Short answer: head retention can be modelled from the balance of foam-positive proteins and iso-alpha-acids against foam-negative lipids, plus carbonation, and AI can flag at-risk batches before they ship. Foam is physics and chemistry you can measure, which makes it a good ML target.

PRODUCTION FLOWPredicting Beer Foam and Head RetentionGrainMashBoil & hopsFermentPackage
Where this sits in the beer production flow, start to finish.

The chemistry behind a lasting head

Foam stability is a tug-of-war. On the foam-positive side are hydrophobic polypeptides derived from malt protein and the iso-alpha-acids contributed by hops; these adsorb at the bubble surface and hold the structure together. On the foam-negative side are lipids, basic detergent residues, and the destabilising effect of high gravity. A beer’s head retention is essentially the net result of those competing influences, measured by methods such as NIBEM or the Rudin test.

Because each of those drivers is measurable, foam is a tractable data problem. You can quantify foam-positive protein fractions, bitterness as a proxy for iso-alpha-acids, and lipid contamination, then pair them with the measured retention time. That is the raw material a model needs.

Measure first, then model the risk

The discipline is the same as always: measure first. Build a dataset that pairs each batch’s protein and bitterness measures, any lipid or detergent-contamination signals, carbonation level, and the measured NIBEM or Rudin result. With enough paired batches, a regression model learns which combinations of inputs predict a short-lived head.

The practical payoff is not a precise retention number; it is a risk flag. A model that says “this batch has elevated lipid carry-over and below-target foam protein, expect poor retention” lets you intervene before packaging, when you still have options. Machine learning earns its keep here by capturing the interactions between foam-positive and foam-negative factors that a single threshold rule would miss, for example that a borderline protein level only becomes a problem when lipids are also high.

Tree-based models suit this well because the relationships are nonlinear and interacting, and they make it easy to read off which factor is driving a given prediction.

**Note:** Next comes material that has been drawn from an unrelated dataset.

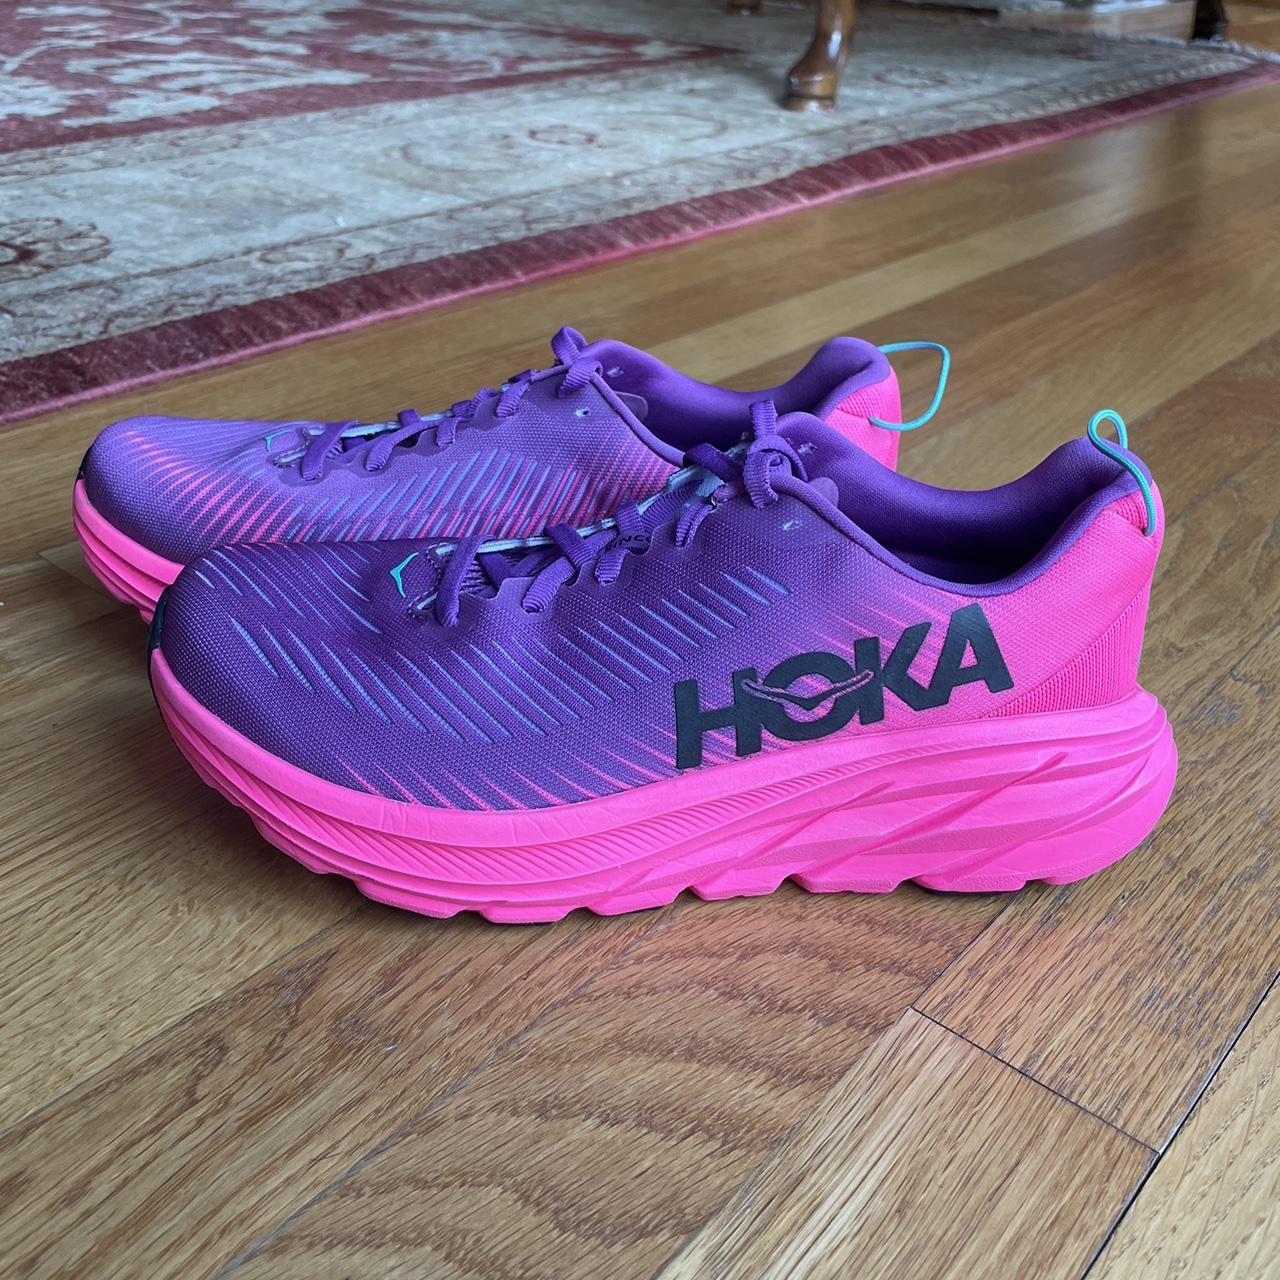 Hoka One One Women's Pink and Purple Trainers | Depop

A copilot for diagnosing a poor-foam batch

The generative-AI angle is diagnostic. When a batch fails its foam check, a brewer faces a list of suspects: contamination, low protein, over-attenuation, a carbonation miss, or a dispense problem. A copilot built on the foam model can take the batch’s measurements and produce a ranked, plain-language hypothesis: “Foam is 30% below target. The most likely cause is lipid carry-over from the wort, given the contamination reading; a carbonation shortfall is a secondary suspect.” That compresses a tedious detective exercise into a starting point, while the brewer confirms the cause with their own checks.

Where it breaks

The honest limits are mostly about measurement. NIBEM and Rudin readings carry real variance, so the target you are training against is noisy, which caps how accurate any model can be. Trace lipid contamination is hard to quantify consistently. And much of the foam a drinker actually sees is decided downstream of the brewery: glassware cleanliness, line and glass temperature, dispense pressure and pour technique can wreck a head that was fine in the tank. A model built on brewery-side data cannot see those bar-side confounds, so it predicts the potential for good foam, not the foam in a specific glass.

Carbonation matters too, and it interacts with everything else, which is a reminder that foam never sits in isolation from the rest of the package.

CONTROL LOOPPredicting Beer Foam and Head RetentionSensorControllerActuatorProcessfeedback
A closed control loop: measure, compute, actuate — then feed the result back.

The bottom line

Head retention is the net of foam-positive polypeptides and iso-alpha-acids against foam-negative lipids and high gravity, plus carbonation, and all of it is measurable. A model trained on that data flags at-risk batches and, paired with a copilot, helps diagnose failures fast. Just respect the measurement noise and the bar-side factors a brewery model cannot see.

Part of the Brewing Science & AI track. Related: AI quality control in brewing

Frequently asked questions

What makes beer foam last? Foam-positive hydrophobic polypeptides from malt protein and iso-alpha-acids from hops stabilise the bubbles. Foam-negative lipids, basic detergent residues and high gravity break them down, so head retention is the balance between the two.

Can a model predict which batches will have poor foam? Yes, to a degree. A model trained on protein and bitterness measures, lipid contamination signals and carbonation can flag at-risk batches before packaging, though measurement variance limits the precision.

Why does foam retention vary even with the same recipe? Glassware cleanliness, dispense conditions, carbonation level and trace lipid contamination all shift the result. These downstream factors often matter as much as the recipe, which is why measurement noise is a real constraint.